### Data shown

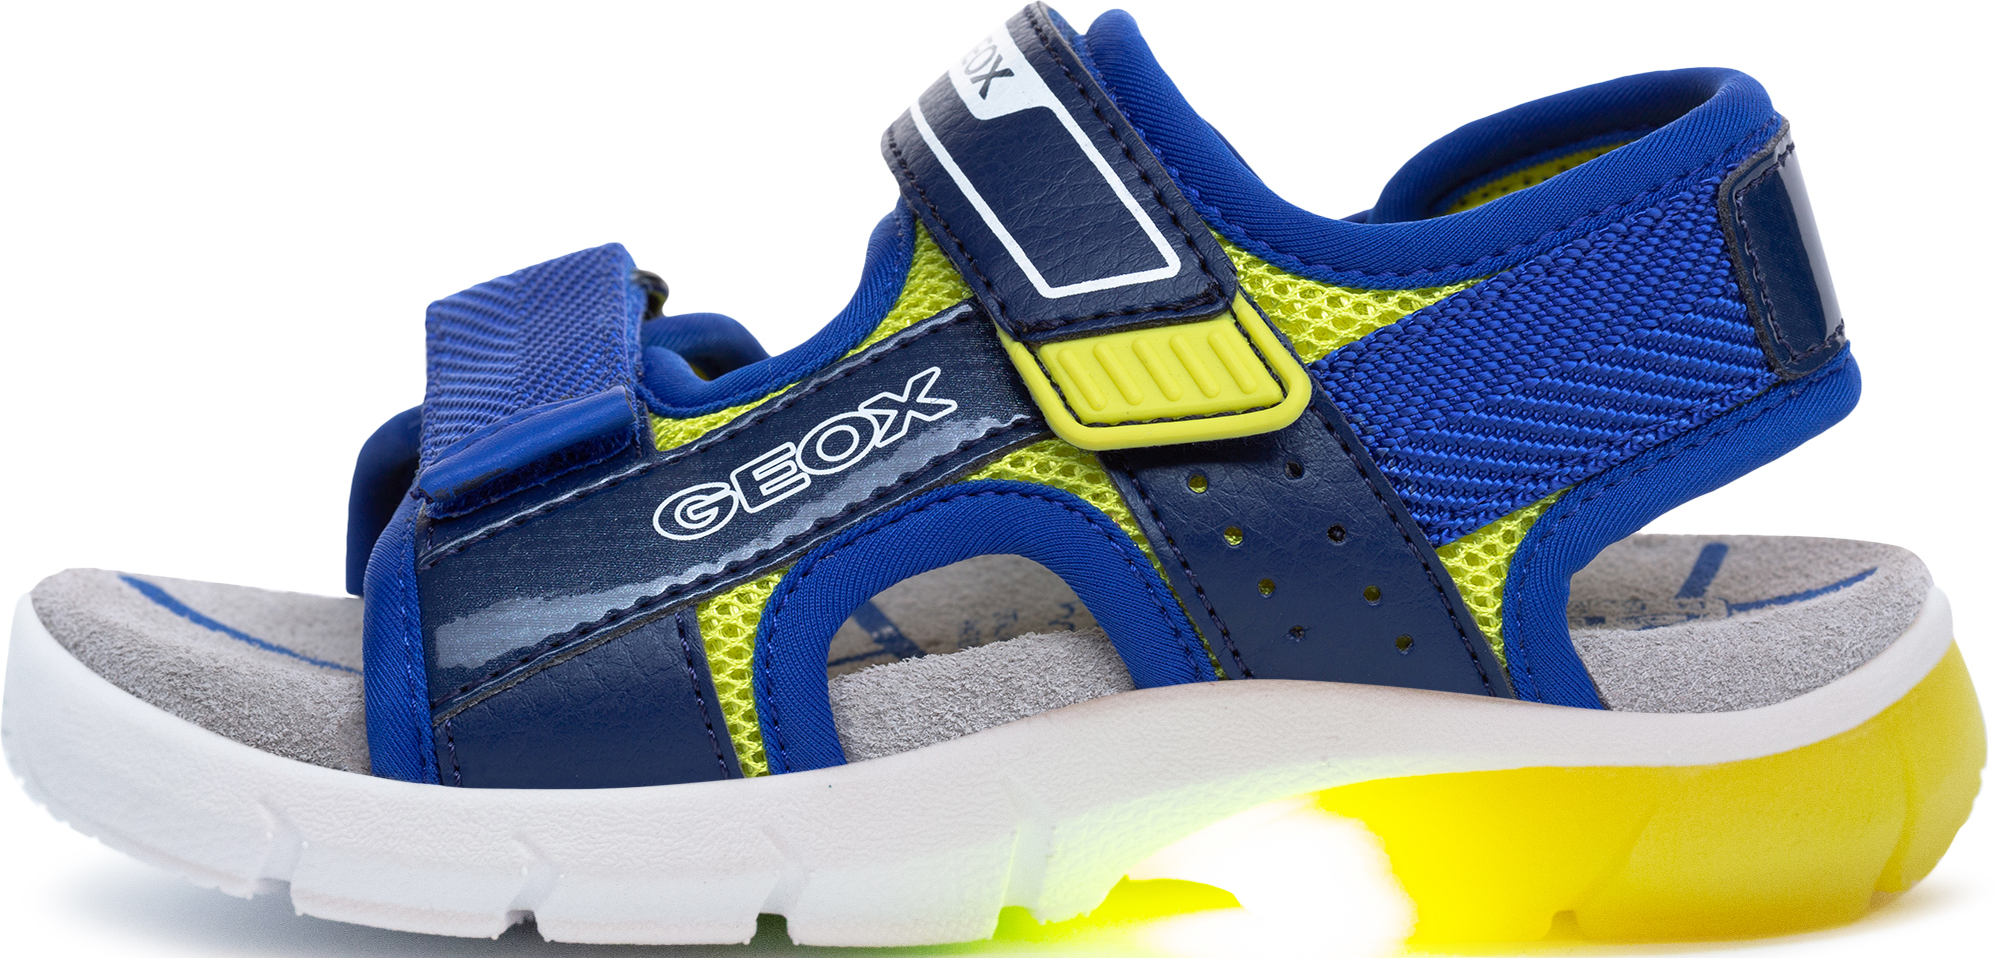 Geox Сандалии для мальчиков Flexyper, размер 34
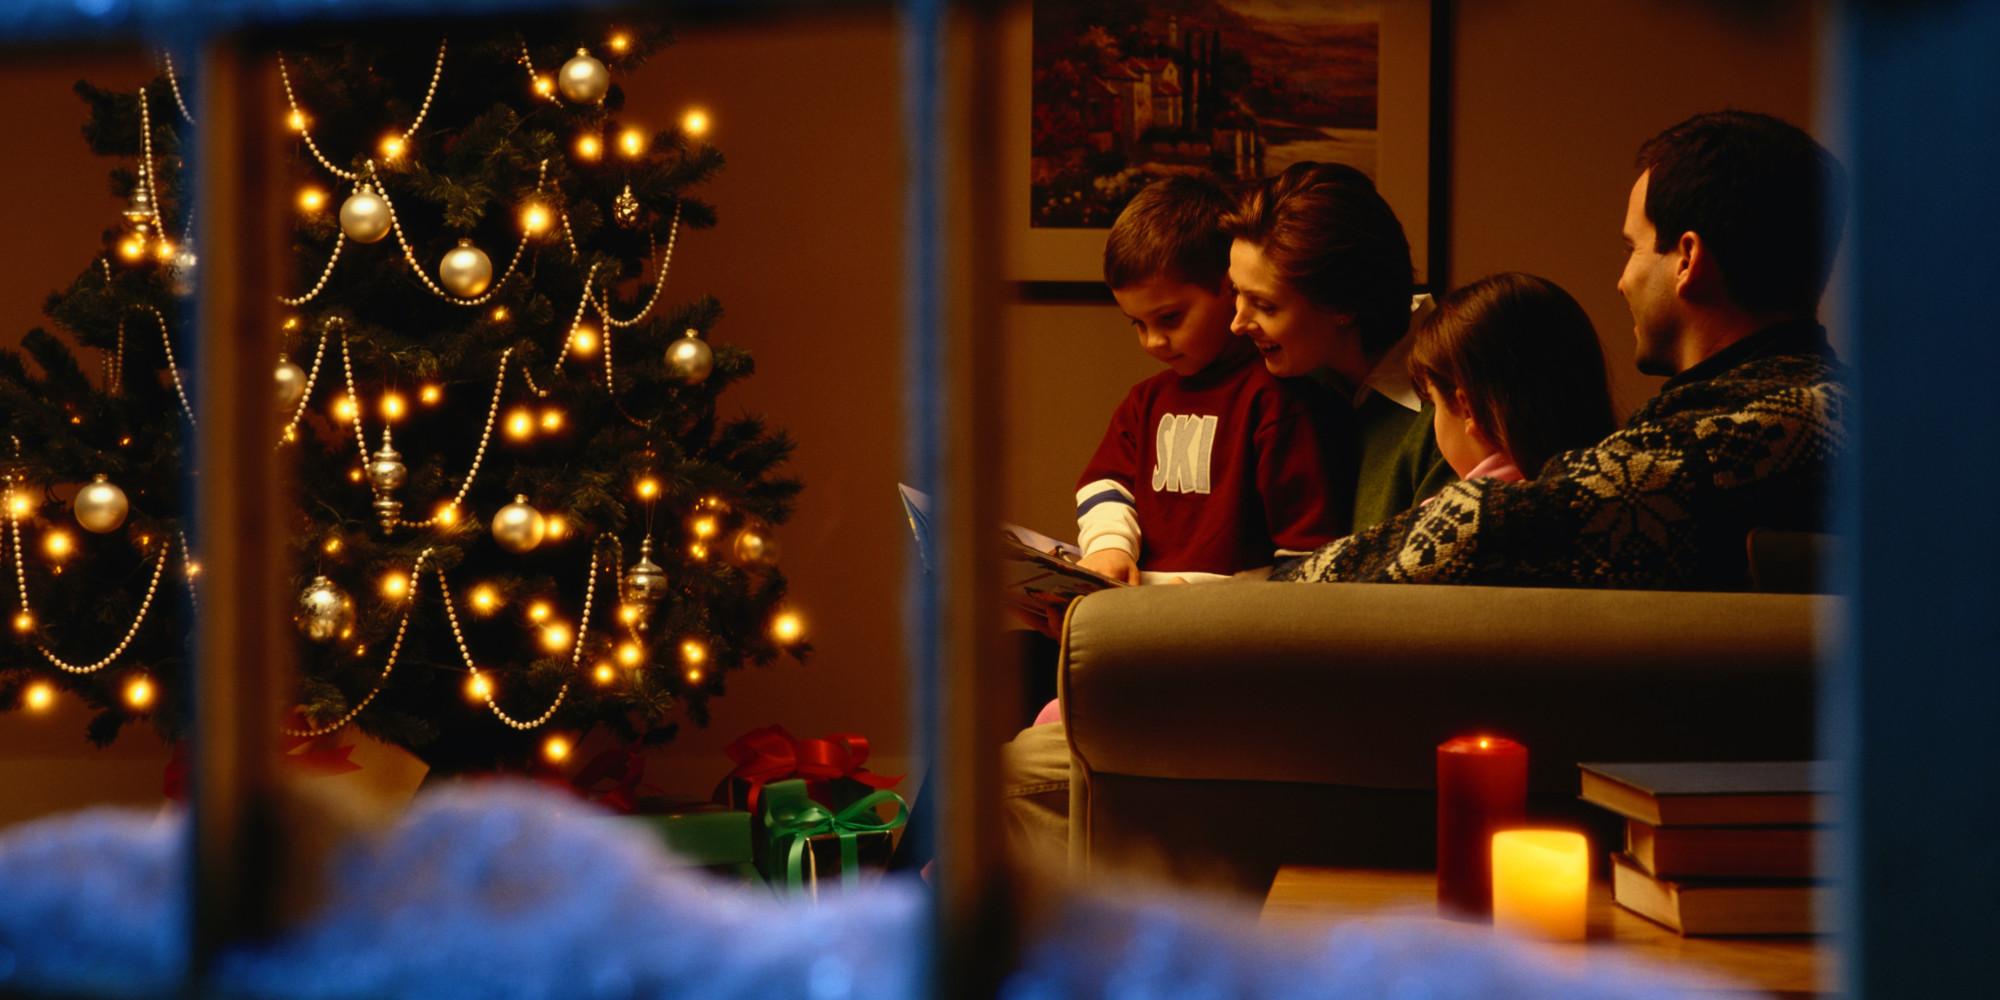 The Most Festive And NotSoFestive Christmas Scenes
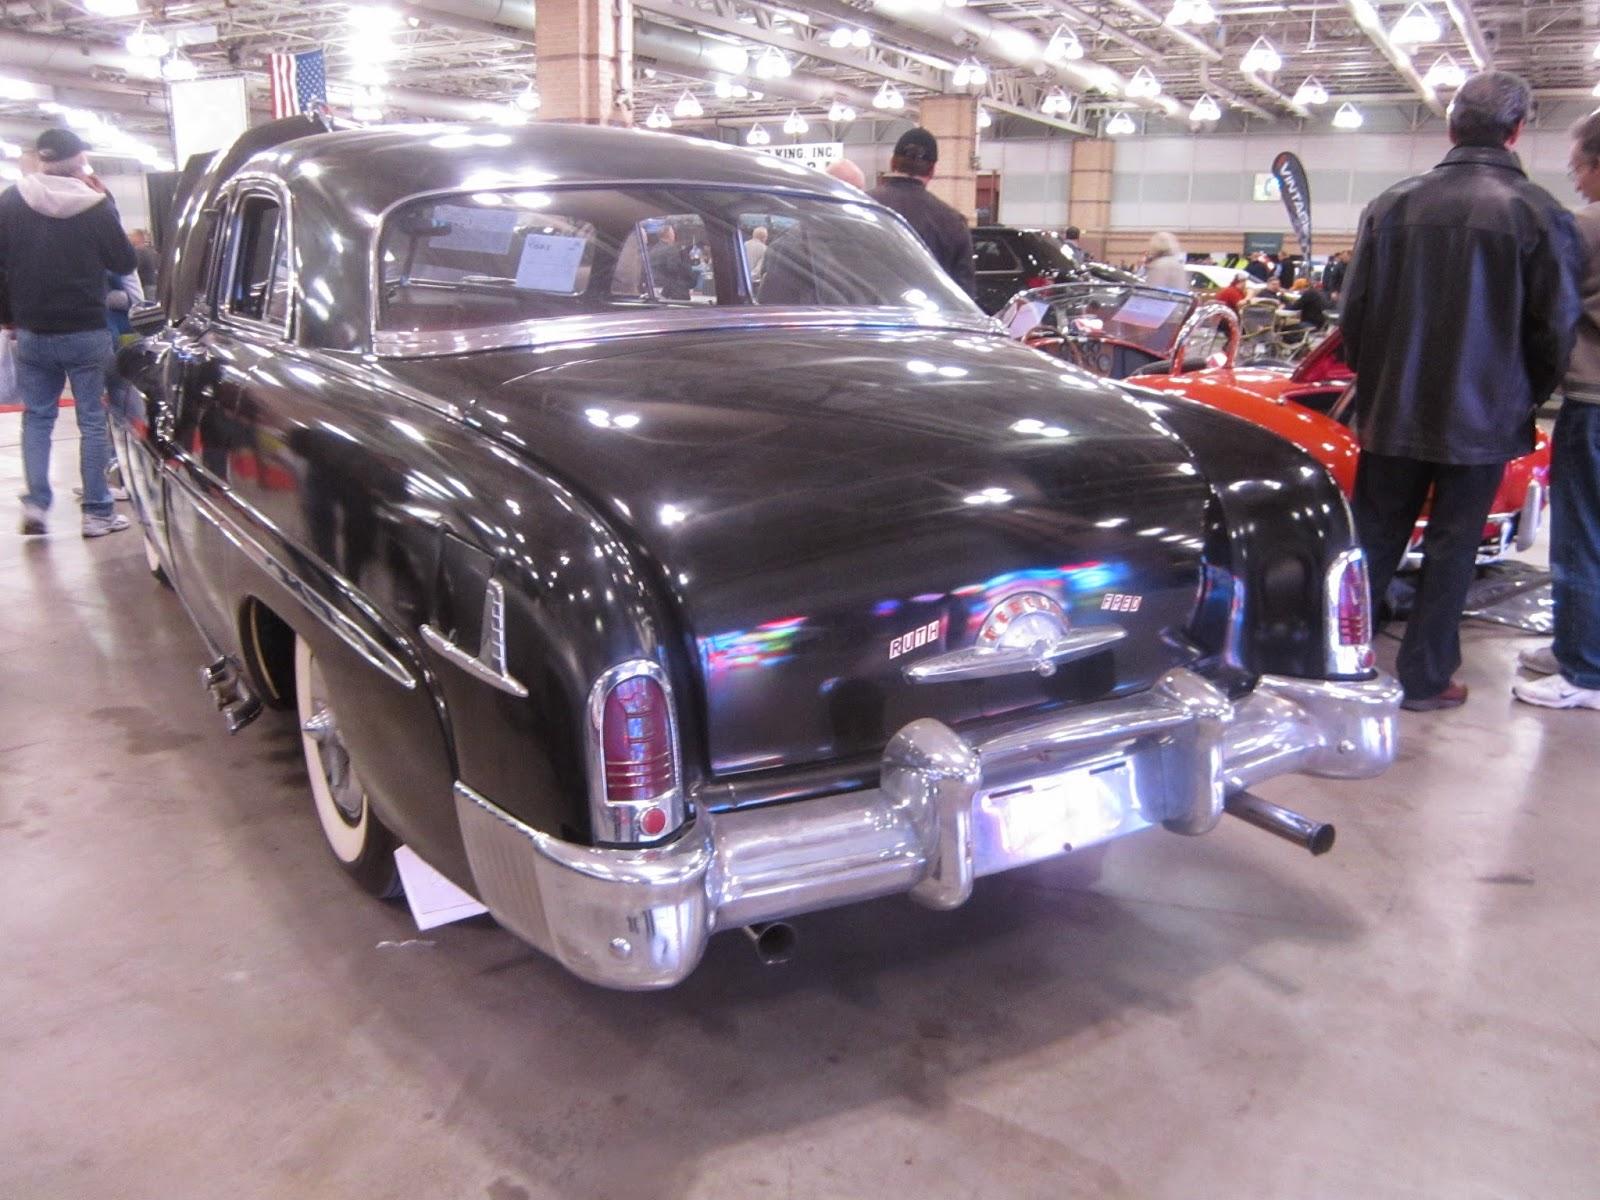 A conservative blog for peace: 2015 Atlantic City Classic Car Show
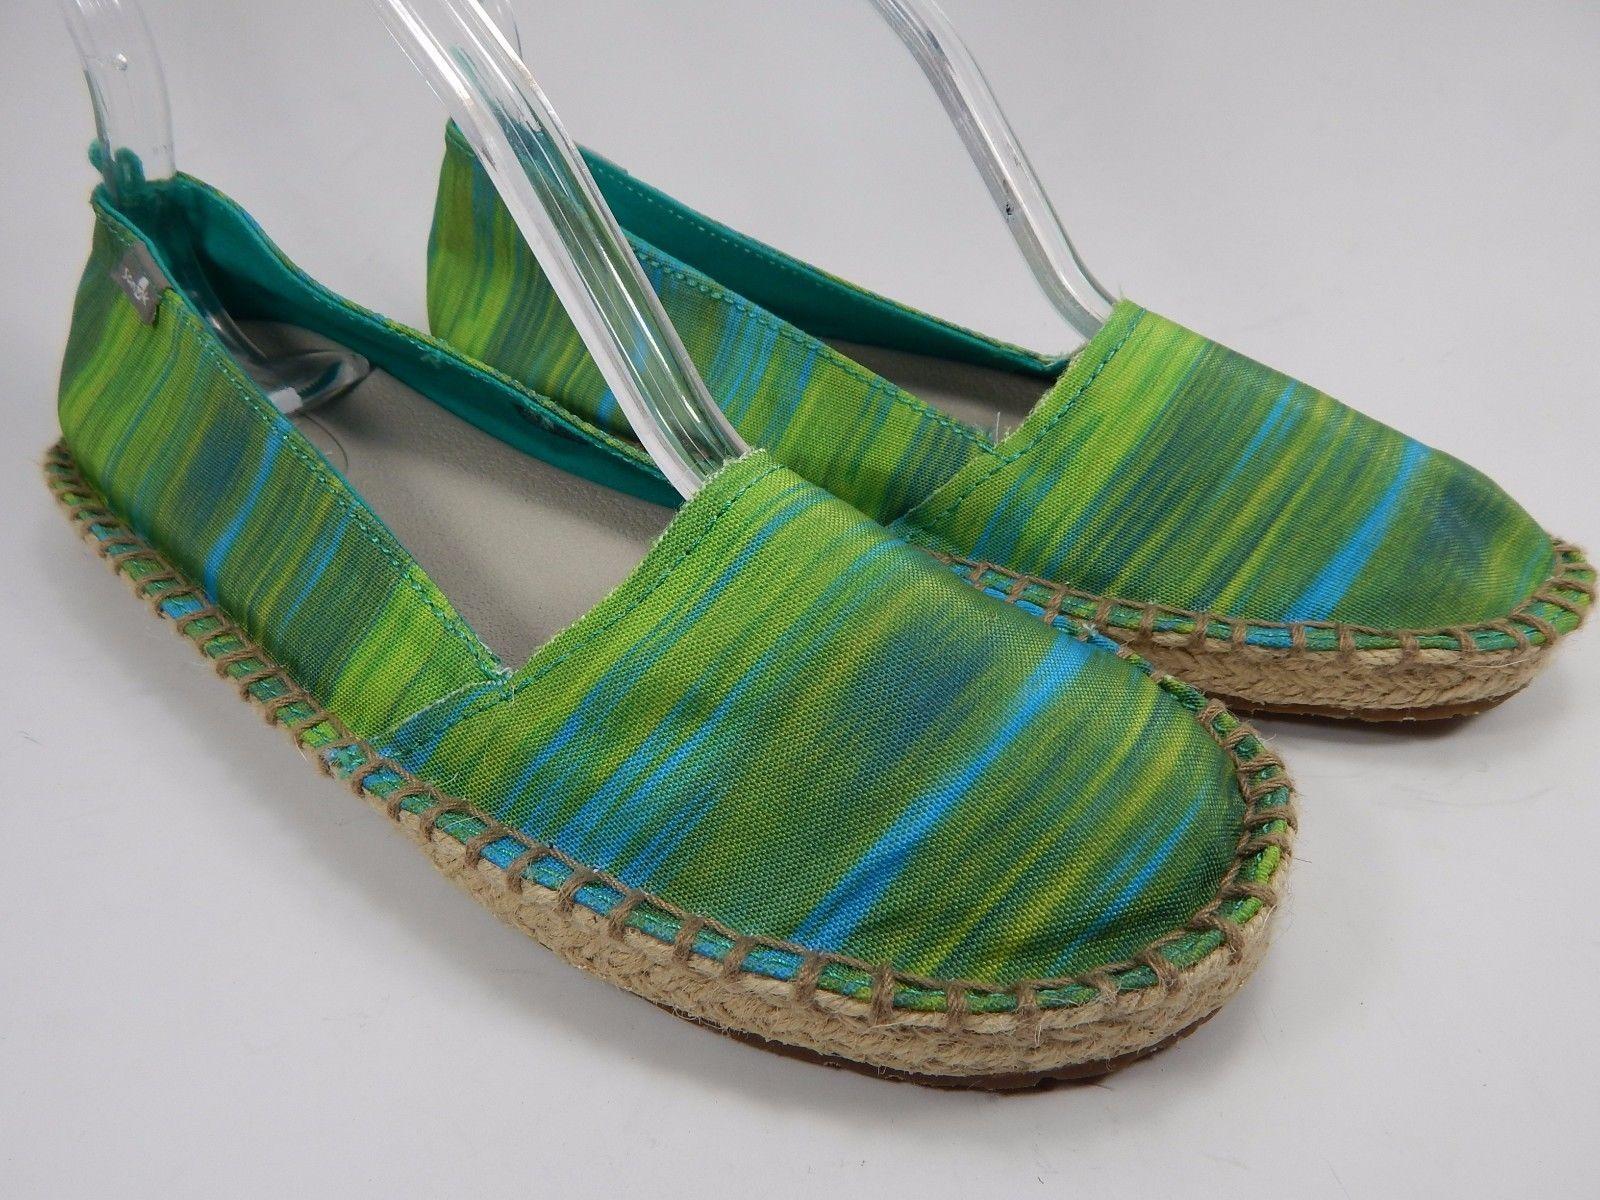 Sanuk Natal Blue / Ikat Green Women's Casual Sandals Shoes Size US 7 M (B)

### Your task
Write out the whole listing verbatim, images excluded.

### Answer section
 Geox Сандалии для мальчиков Flexyper, размер 34
 The Most Festive And NotSoFestive Christmas Scenes
 A conservative blog for peace: 2015 Atlantic City Classic Car Show
 Sanuk Natal Blue / Ikat Green Women's Casual Sandals Shoes Size US 7 M (B)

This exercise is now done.